What is the difference between writing worth sharing with other people and writing that's private? What belongs in a personal journal or a blog, and what should be shared in a class or submitted for publication? It's a strange line. Granted I would like work presented to other people to be good, and what I keep for myself requires no qualification. Does writing for therapeutic reasons, sugest that none of the results are good writing? Does feeling the need to write mean that it's best for me to write and write and write and then focus on crafting the produced material? Can this process produce cohesive writing? Can it feel like a seamless finished product?
The danger of slow writing, of editing while initially writing instead of revising work after a draft is written, is that focusing on writing perfectly can cause paralysis. If I focus on wanting something perfect to be perfect, it can be hard to write anything, to start writing. If I settle for just writing something, it's endlessly frustrating to enjoy the feeling that of needing to present crap. Am I mature enough to write? Do I need to wait until I'm more collected? Will that ever happen? Or, do I need to work my craft- suck it up and turn in something, and slowly work at improving it...

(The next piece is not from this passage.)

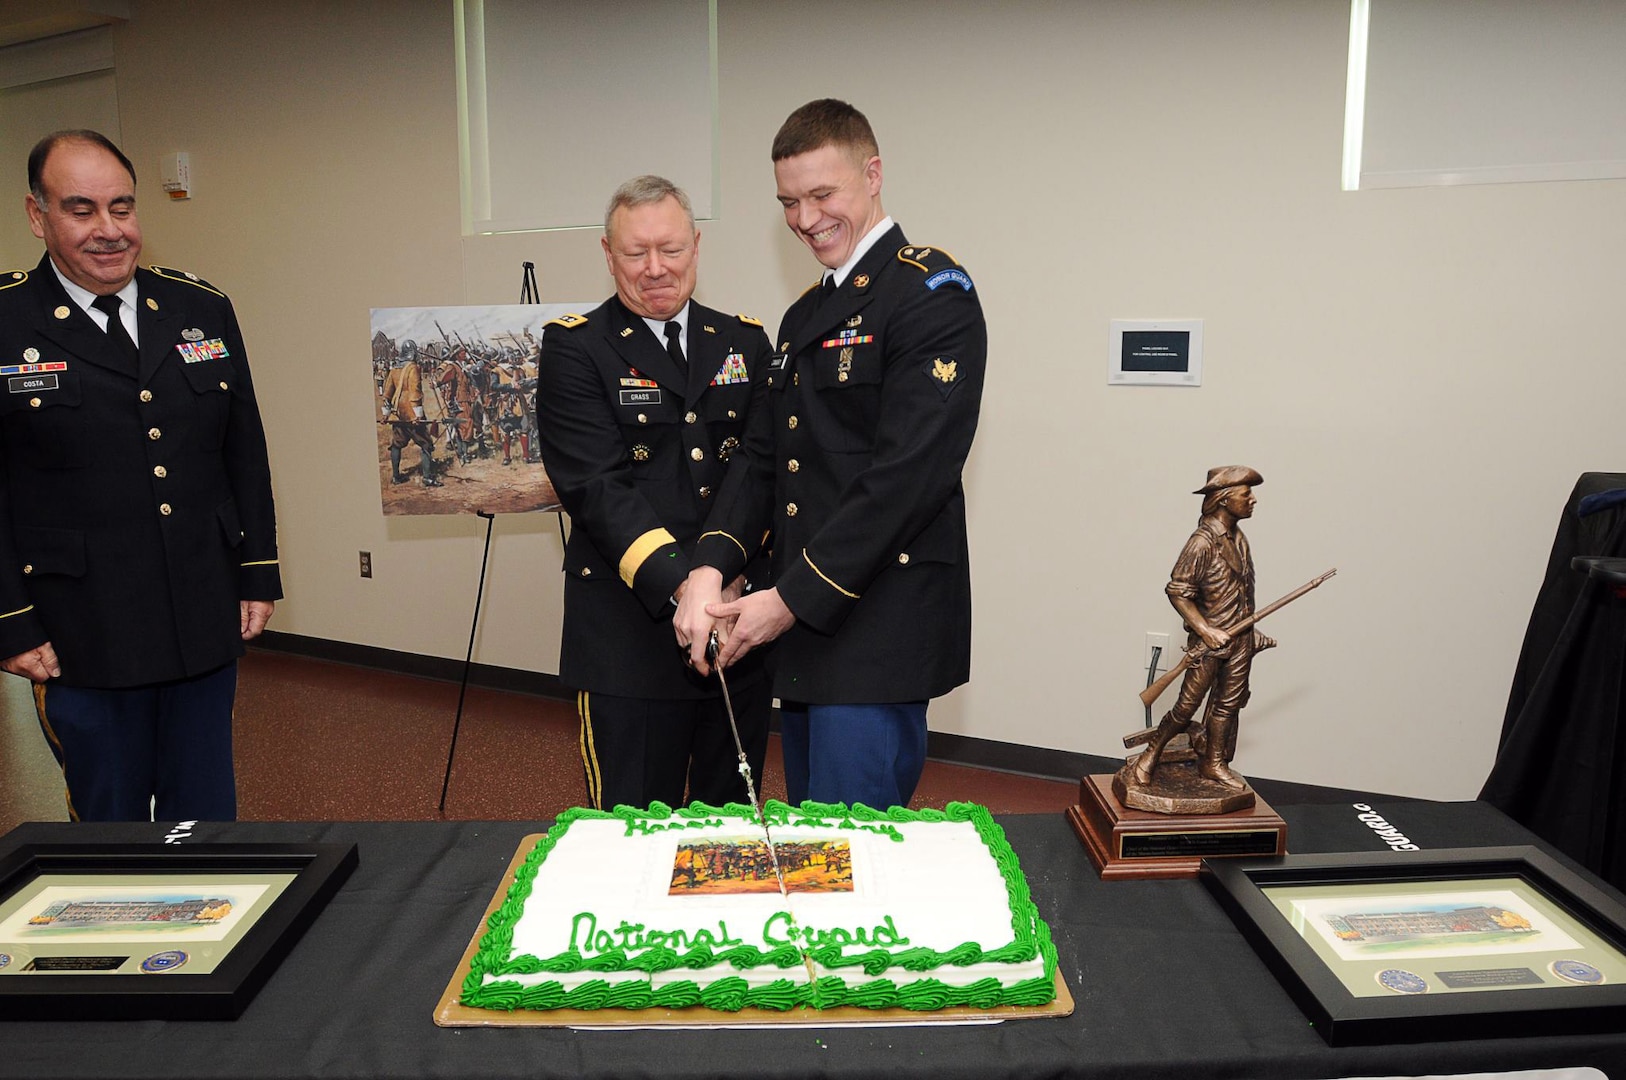 Gen. Frank Grass and Spc. Brendan Canary of the Massachusetts Army National Guard cut a cake celebrating the founding of the National Guard, Dec. 13, 2012. Command Sgt. Maj. David Costa looks on during the ceremony.

Why am I so moody? And if it is established, accepted and inevitable for me to be moody, how can I manage my time to be able to make deadlines? On two different days for god knows what reason, I can write a polished A-worthy paper in two hours, and on another, I can spend 15 hours writing barely passable crap. I don't question the alternating moods and ability to concentrate any longer. I only look to manage it. But if writing is constant heartbreak, can I continue trying to do it? And if most of the things I care about are constantly heartbreaking, how can I afford to not do them? Even if I can't do everything I want to do when I want to do it, I should still try. I need take my chunk of the world, my chunk of skill, and try to do as much good as I can with it... without giving up.
Pererverence is hard to remember when I'm trying to pull a rainstorm from sunshine, or sunshine from a cloud, but weather changes, and so do my moods. I hope that somewhere down the line, I'll learn to manage my moods and concentration, and I'll float and fight through whatever comes my way with some kind of product to show for it. I hope to someday have a list of positive contributions next to my name. Or maybe I'm looking at it all wrong. Maybe only right now matters. But how can I really believe that?